Князь был раздосадован: надежда перехватить хана растаяла - он убегал через серединные рязанские земли, и лишь далекие зарева обозначали его след. Полки не останавливались. В робкой тревоге смотрели рязанцы на многочисленные конные рати Москвы. Давно ли судачили о гибели Димитрия со всем войском, сожжении его столицы, и вдруг все переменилось как по волшебству: хан поспешно бежит, грабя владения своего союзника, а по пятам за ним движутся сильные московские полки. Главное войско Владимира шло прямо на Переяславль, лишь сторожевой полк двигался в сторону Пронска, преследуя отставшие отряды степняков и транспорты с добычей. Воротившийся было в столицу Олег снова скрылся куда-то, не ожидая для себя добра от сурового соседа.
Еще Орда не оставила русских владений, когда Владимир Храбрый рассыпал свое войско и серединные рязанские земли подверглись новому опустошению Но в отличие от ордынцев москвитяне никуда не спешили, а лесные дебри, отпугивающие степняков, были для них что дом родной. Самое же печальное: люди оказались не готовыми к новой беде - они помнили, как бережно проходили московские рати их дорогами два года назад. Теперь москвитяне не оставляли на своем пути ничего: уцелевшие селения сжигались, скот, которого кочевники почти не трогали, сбивался в гурты и отгонялся за Оку, людям давали время, чтоб только погрузиться на телеги, и под охраной конных отрядов отправляли в земли серпуховского князя. Плачем вставал тележный скрип по горьким рязанским дорогам. Что там ждет, в чужом краю, разоренном Ордой дотла? Свои-то пепелища обживать заново нелегко, чужие - и подавно. Воины Владимира были неумолимы - угоняли даже попов. Нетронутыми оставались одни монастыри да скиты. Утешители, вспоминая прежние усобицы, говорили: вот замирятся князья - и всех воротят обратно: Да что за радость - гонять из княжества в княжество, теряя последнее из нажитого? Люди открыто проклинали вражду князей, видя в ней причину всех бедствий. Народу, непрерывно терзаемому ордынскими набегами и княжескими усобицами, уже становилось ясно: с разобщенностью русской земли надо кончать. Однако знание и действие - не одно и то же. Беда заключалась в том, что каждый князь считал лишь себя достойным собирателем Руси.
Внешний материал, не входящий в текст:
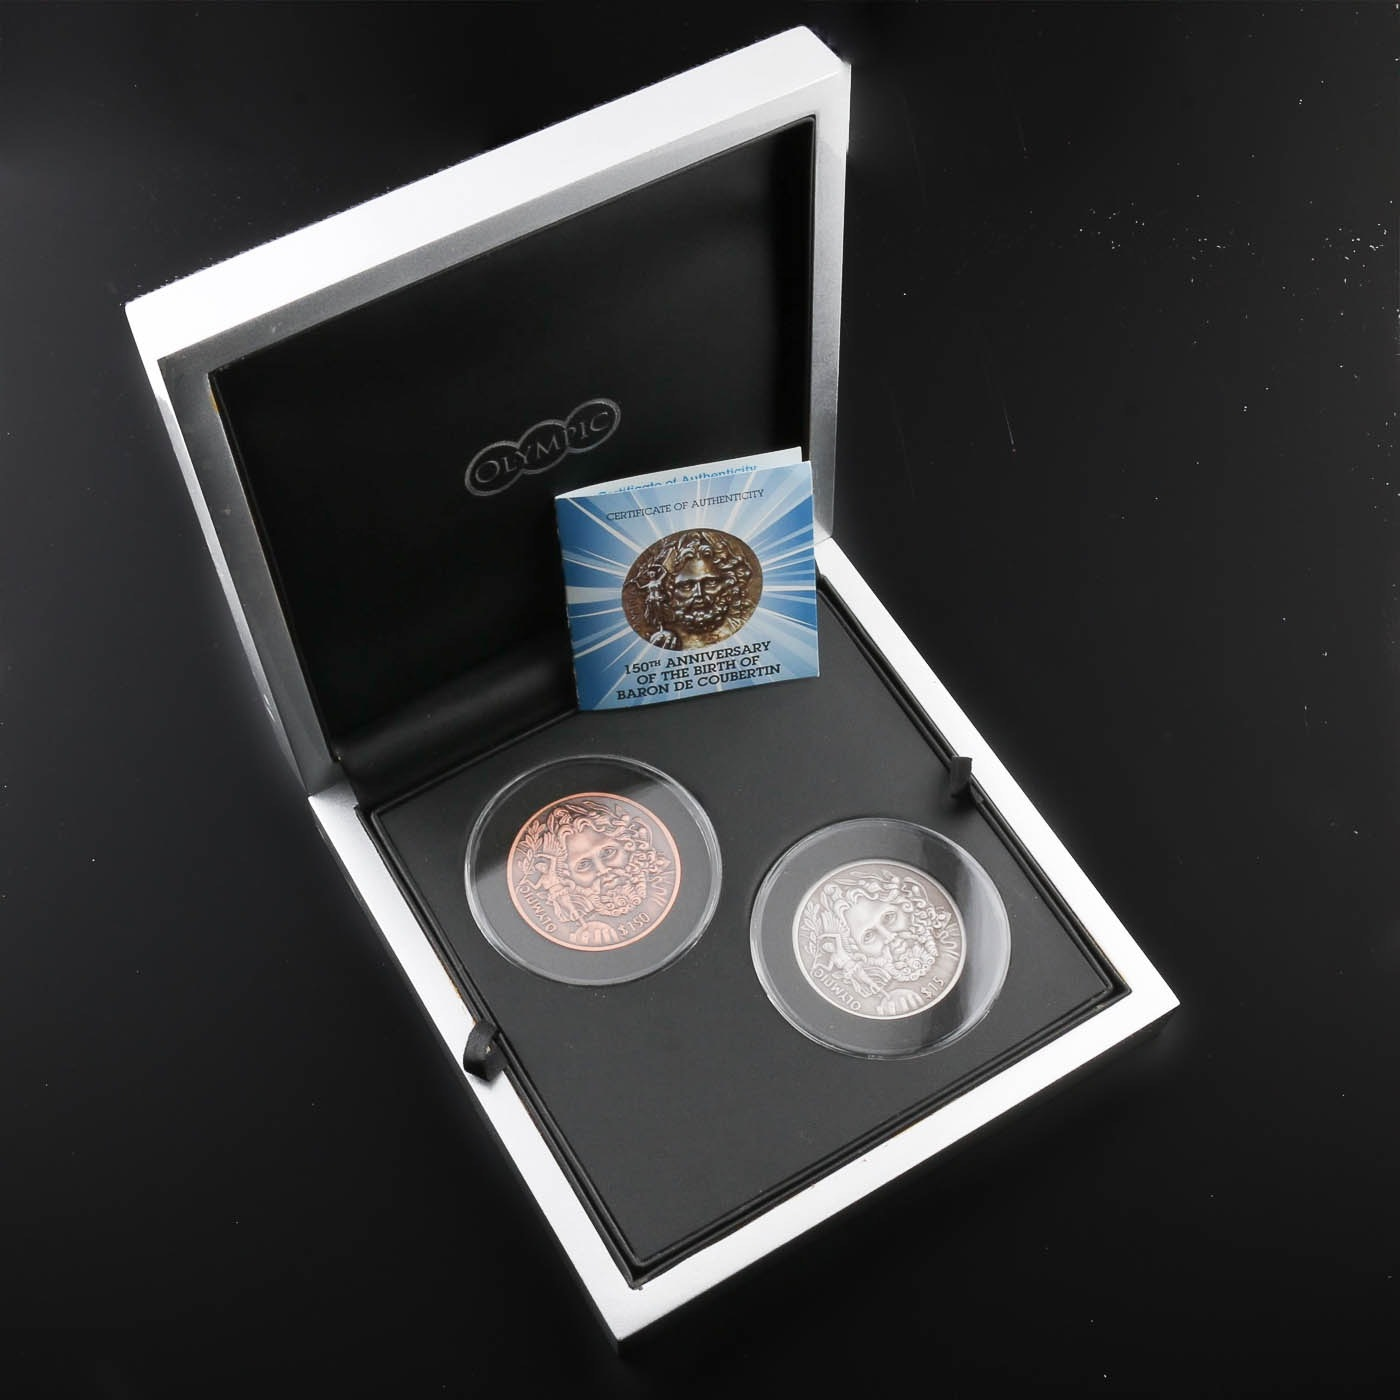 2013 British Virgin Islands Baron De Coubertin Commemorative Coin Set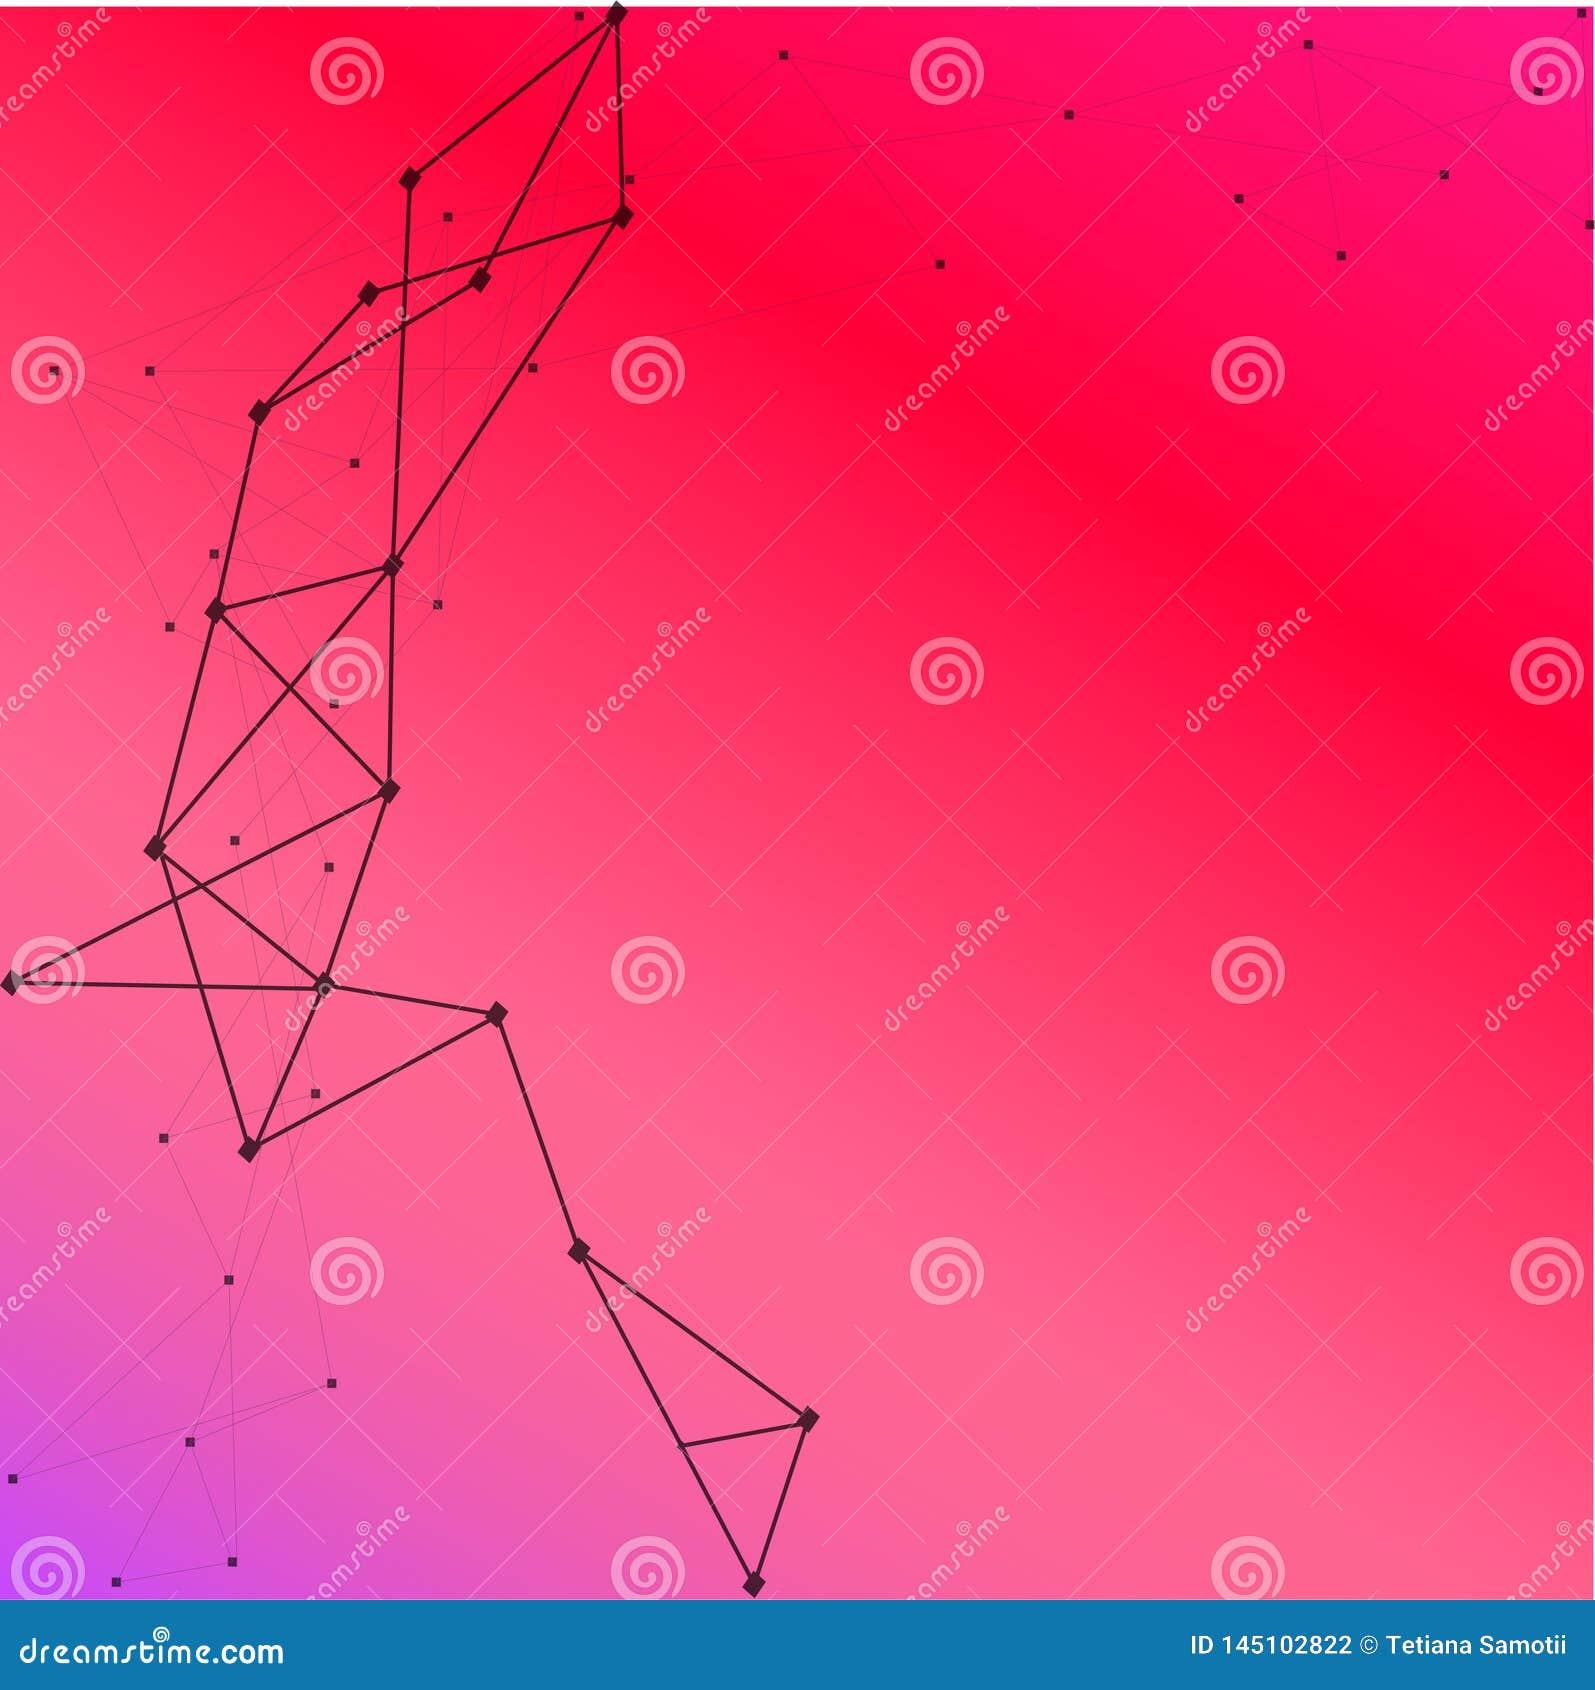 O Διανυσματικό αφηρημένο υπόβαθρο κιβωτίων Σύγχρονη απεικόνιση τεχνολογίας με το τετραγωνικό πλέγμα Ψηφιακή γεωμετρική αφαίρεση μ

Но все же исток всякого великого государственного дела рождается во мнении народа, и мнение становилось общим.
Может быть, Владимир не хотел впутывать Донского в свои отношения с Олегом - полк великого князя не участвовал в разорении Рязани. Разослав сторожи, Иван Уда остановился в лесостепи между Тулой и Пронском, прикрыв рассеянные отряды Храброго. Тула - передовая крепость Москвы, стоящая посреди рязанских владений, - не была разрушена. Жители приготовились к осаде, но потрепанная Орда не решилась на приступ и далеко обошла тульские оборонительные валы. Вблизи Дикого Поля степняки почувствовали себя в безопасности, зная, что рязанский князь их не преследует, а дымы и зарева пожаров у себя за спиной они принимали за дела своих отставших отрядов. Отступающие теперь задерживались на станах, и сторожа Тупика на берегу какой-то безымянной речки, бегущей в Дон, обнаружила большой транспорт Орды с полоном и добычей, охраняемый тысячей воинов. Сила за тем, кто наступает, - Тупик решился напасть. Создавая видимость многочисленности своего войска, он разделил отряд на сотни и в вечерних сумерках две из них направил в обход вражеского стана - ударить навстречу друг другу вдоль берега. Третью сотню повел сам.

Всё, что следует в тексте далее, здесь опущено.